Garrett was coming home, but he didn’t think of it like that. More like returning to a base camp. He’d bought a one-bedroom condo in Rosslyn not far from a metro
stop. Two suits, one black, one gray, both off-the-rack, hung in its closet. Five collared shirts—three whites, two light blue. One tie. Red. Running gear, several pairs of denim jeans, T-shirts, boxers, and military fatigues. No car, but he owned a Norton Commando Interpol motorcycle—made in 1975 by the Brits for police use only. He’d recovered it from a barn in Belgium and personally rebuilt it. His daddy had taught him about engines and motorcycles, just like his daddy had taught him about shooting.

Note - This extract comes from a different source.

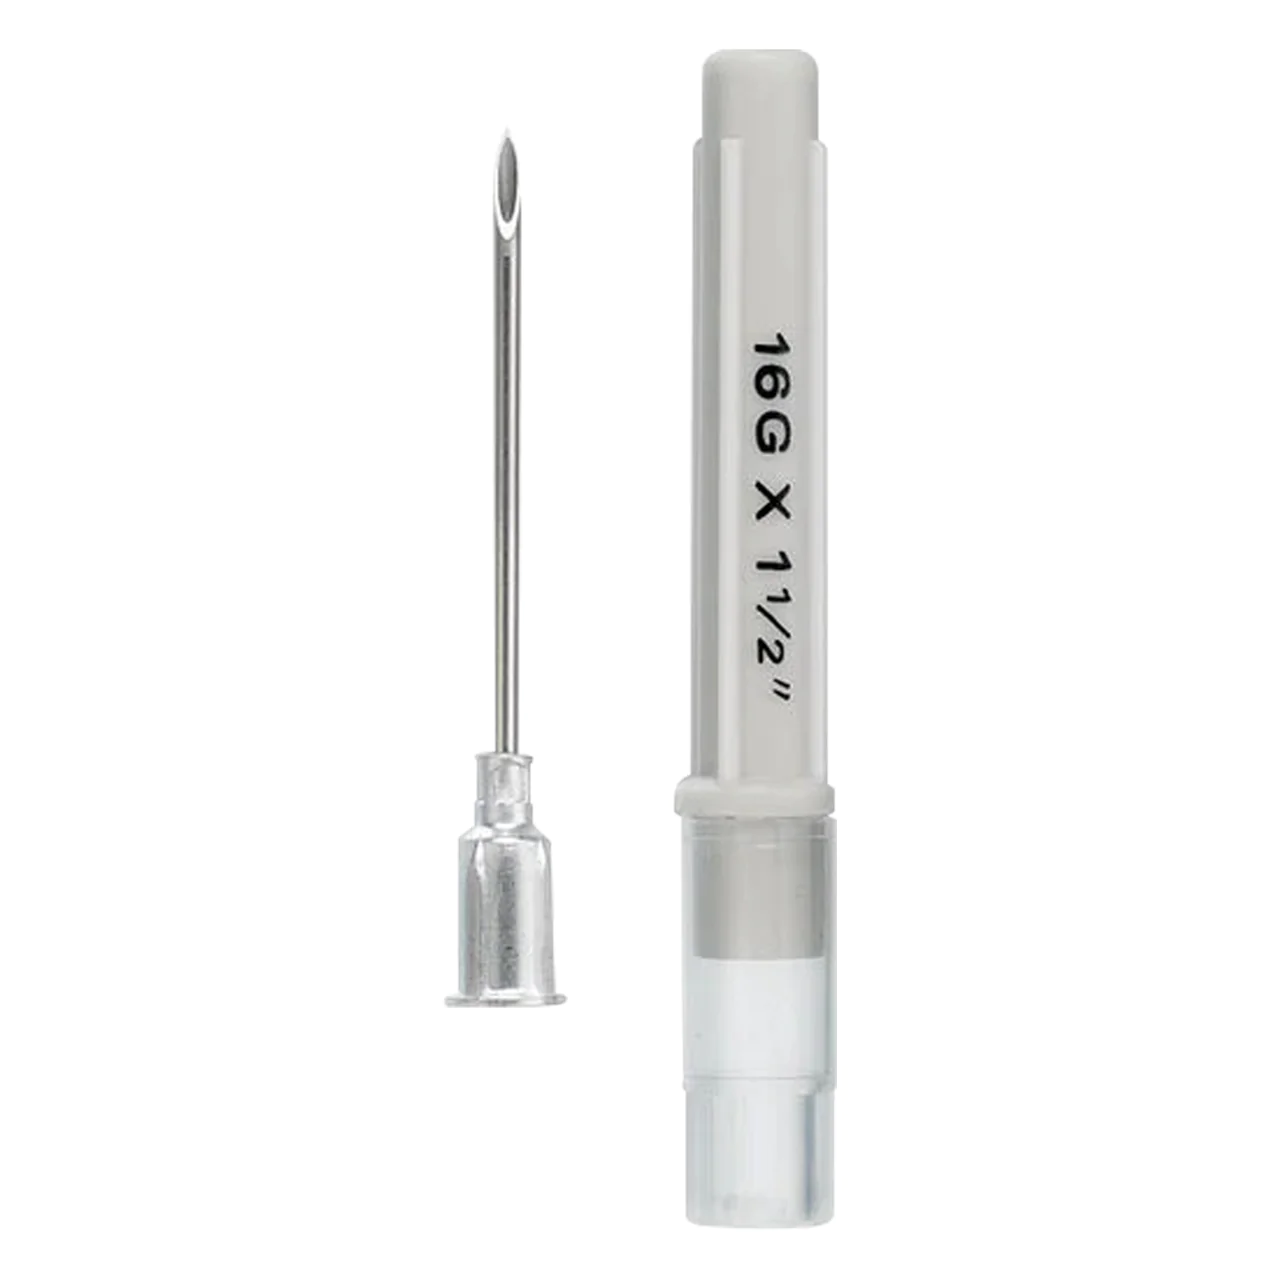 IVS Aluminum Hub Needle (100pk) - 16g x 1/2"

The Norton helped him unwind. When Garrett couldn’t sleep, when the memories, second-guessing, and cravings became too much, he’d ride west at night along Highway 50 until he reached the right turn just outside Aldie, Virginia, onto the Snickersville Turnpike—although calling that winding bit of unmarked asphalt a turnpike was a grand embellishment. The two-way weaved through scenic Virginia hills that took travelers across a 180-plus-year-old stone bridge that enemies Robert E. Lee and “Fighting Joe” Hooker had both crossed at times. It wasn’t Civil War history that called him. In a vanishing countryside being overrun with subdivided tract houses, Snickersville was one of the last rural stretches still defined by waist-high stone walls and pastures. There were no stoplights. As he leaned into the curves, the Norton’s headlight would cast its beam only twenty yards into the curving blackness. Glowing eyes. A scampering raccoon. A fear-frozen deer. No time to react. No time for error. That was when the music started, as his favorite author, Hunter S. Thompson, had described it. The dance with fate. Pushing life to its edge. A patch of sand. A greasy spot. The slightest miscalculation. Catastrophe. Was he suicidal? No, it was a way for him to become completely focused. To drive out the distracting demons. The second-guessing that never ended. Some nights Garrett couldn’t say. Maybe it was suicidal. All he knew was he could sleep soundly after those late-night runs. He could momentarily forget the brown tabs now dissolving under his tongue and the dishonorable-discharge papers that he kept at the bottom of a foot locker in his condo closet.